The R&D landscape requires radically new solutions for design and programming. Also the coming extremely massive parallelism in extreme-scale computing demands an elimination of all obstacles to meet unprecedented demands on data handling by a much deeper integration between applications and data inside all kinds of memory, from CPU caches thru disks. This requires massive changes at all levels from compilers and runtime systems down to storage behavior, challenging all disciplines from circuit design and test, up to architecture, system design, run time and operating systems, and programming.
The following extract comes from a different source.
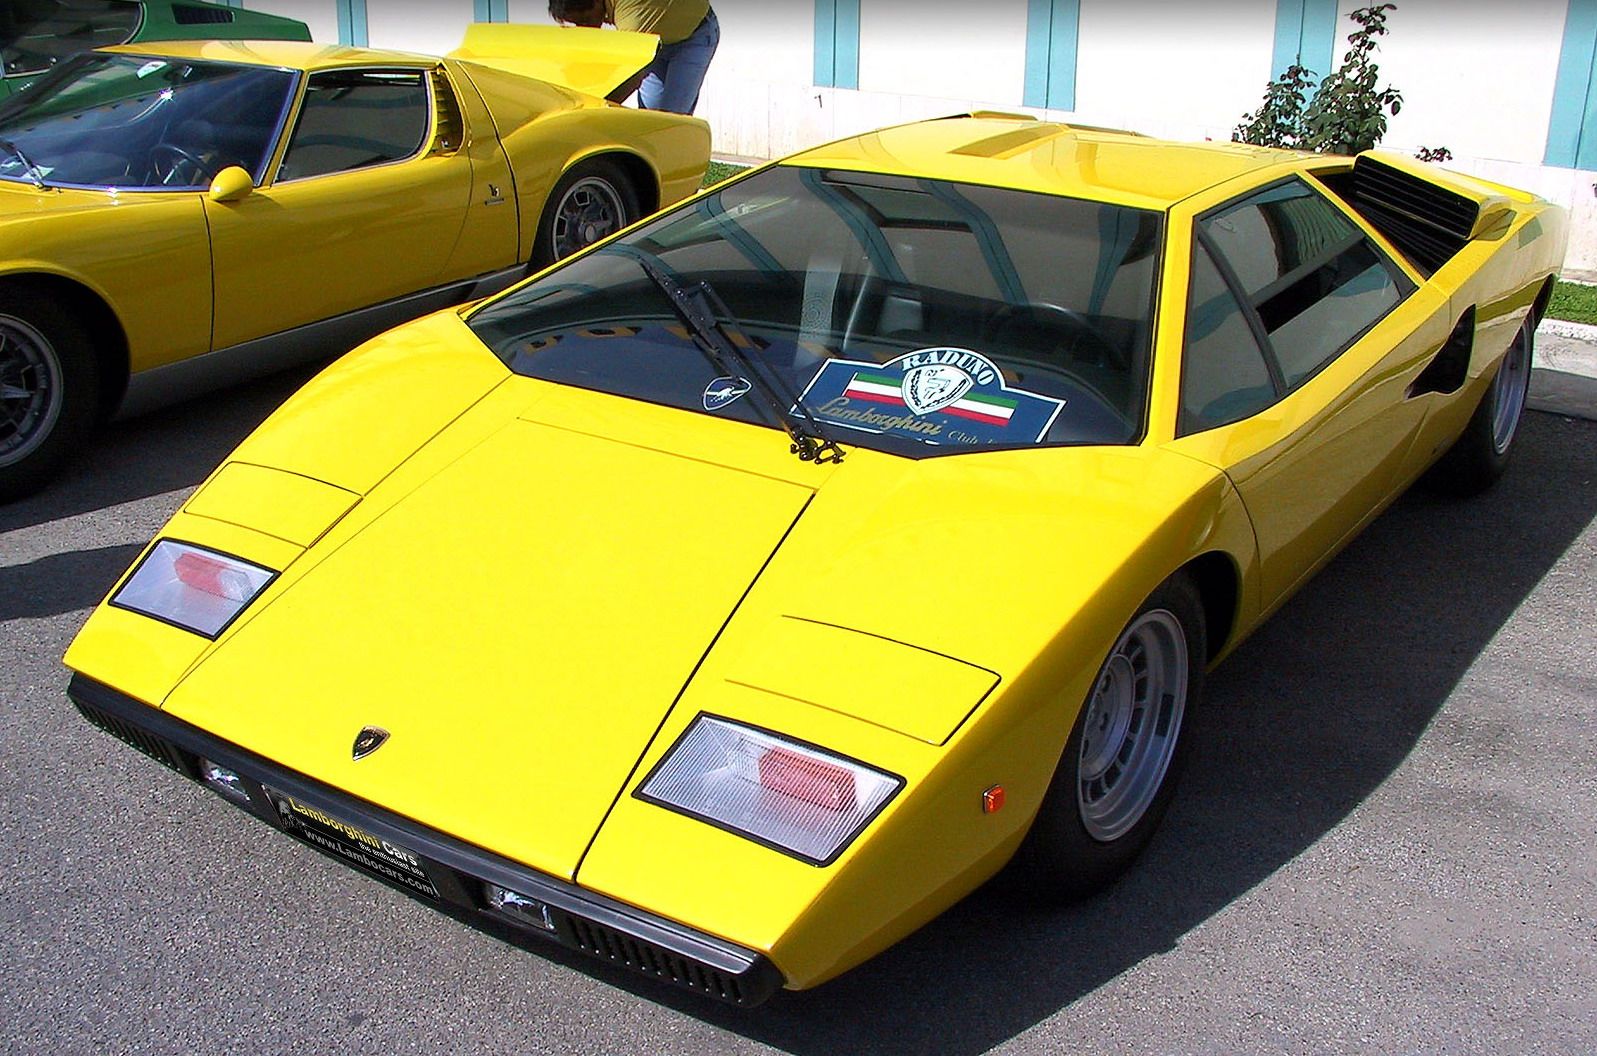 Lamborghini Countach 1974. Lamborghini Countach lp400. Countach lp400 Yellow. Lamborghini Countach LP 800 цвета. Амазинг желтый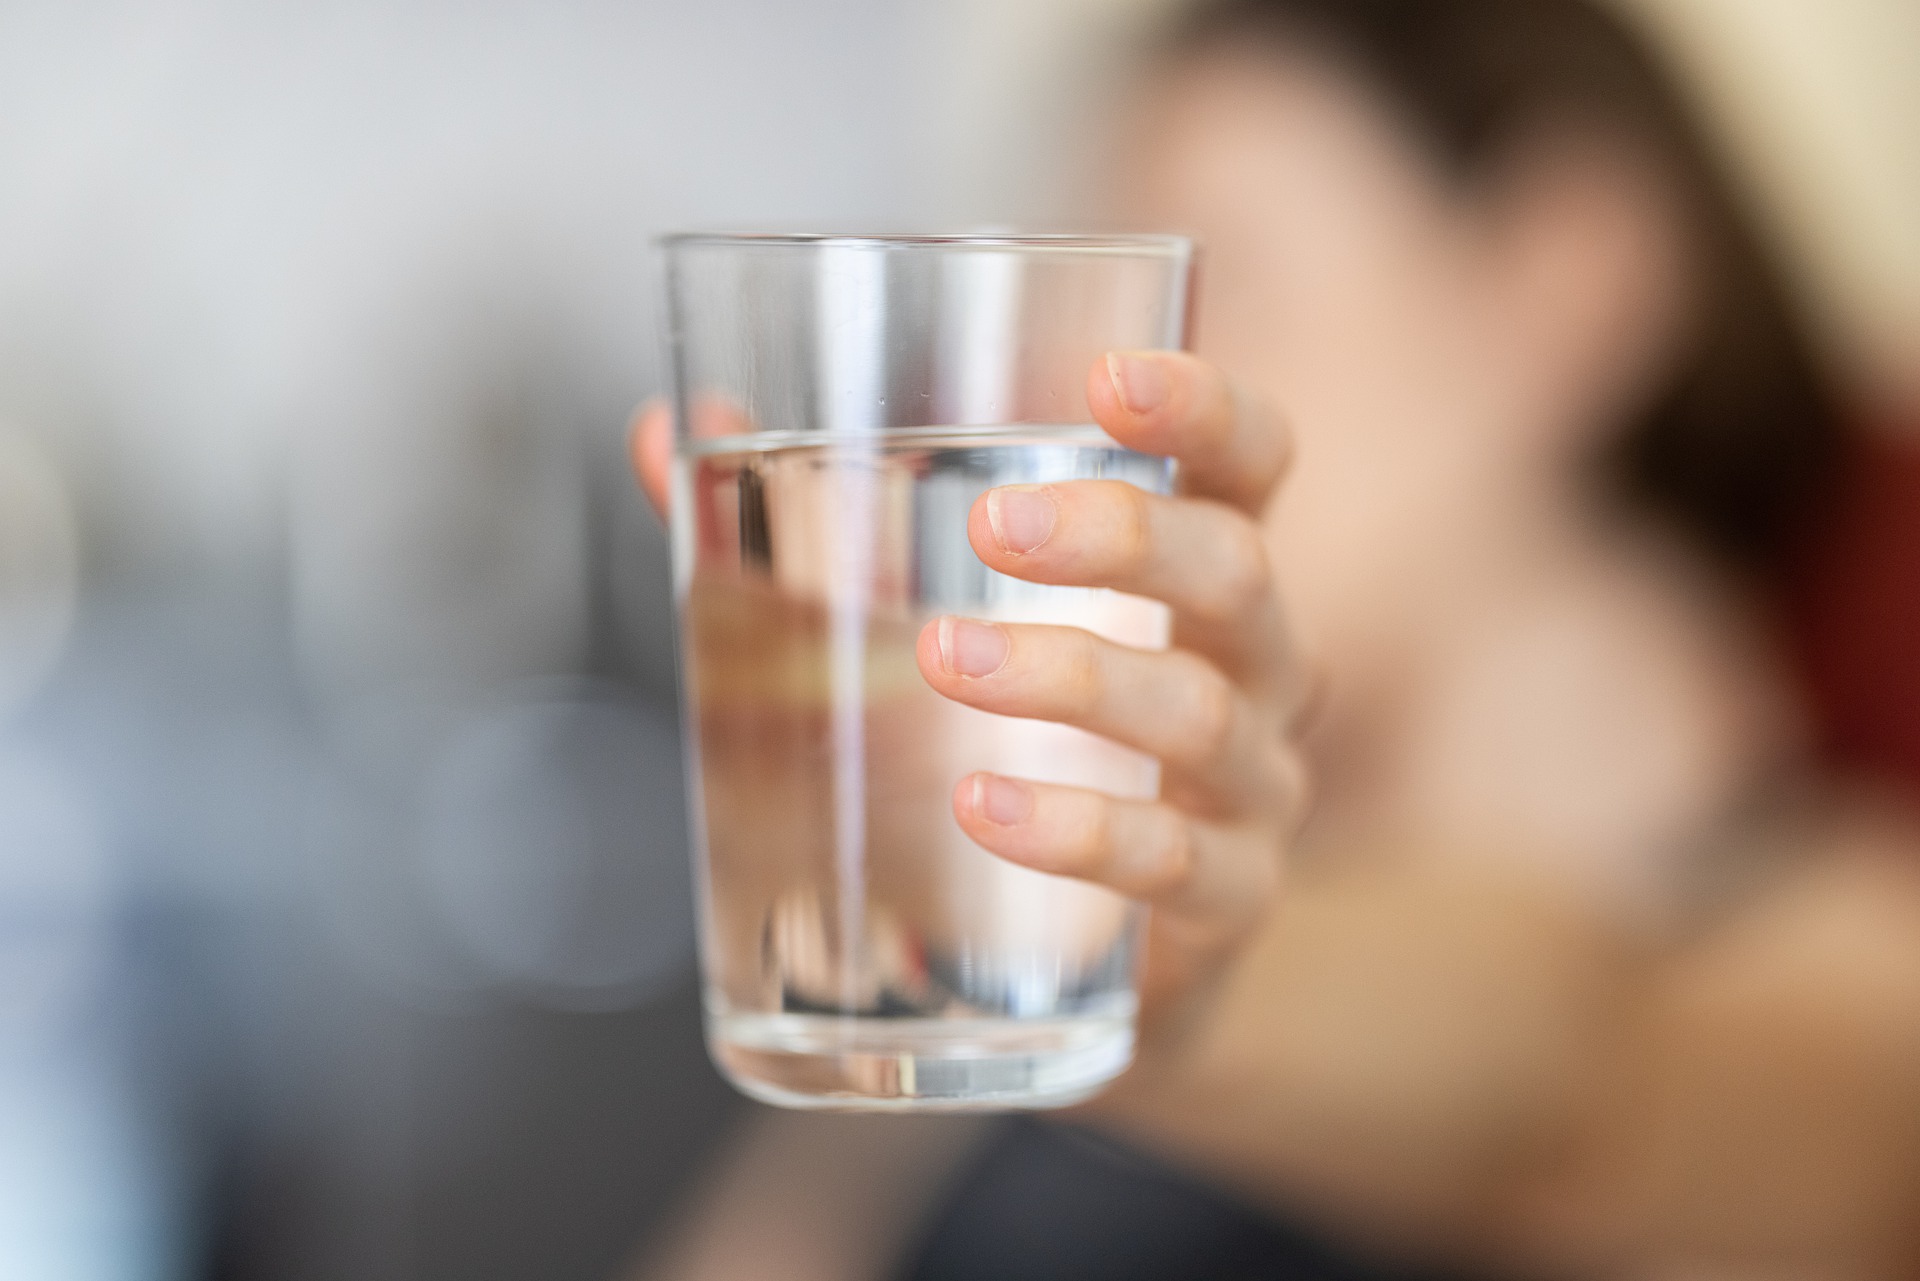 Ilustrasi: Minum air untuk penuhi cairan saat puasa. (Pixabay)

Overcoming the hardware-only mind set would be a fascinating job for computer system architecture colleagues and curriculum designers.
Conclusions
The paper has illustrated, how reductionist philosophies of most specialized research areas tend to prevent or to massively delay to achieve fundamental discoveries. This paper warns, that there are areas, where because of reductionists' tunnel view attitudes the R&D progress is by far too slow to cope with problems, which must be urgently solved, like, for instance, for the long term survival of our ICT infrastructures. We must urgently rethink all basic assumptions and disruptively reform the motivational views and structures of all R&D group, reorganize the cooperation patterns of the entire R&D landscape and drastically reorganize all curricular patterns and their interconnect.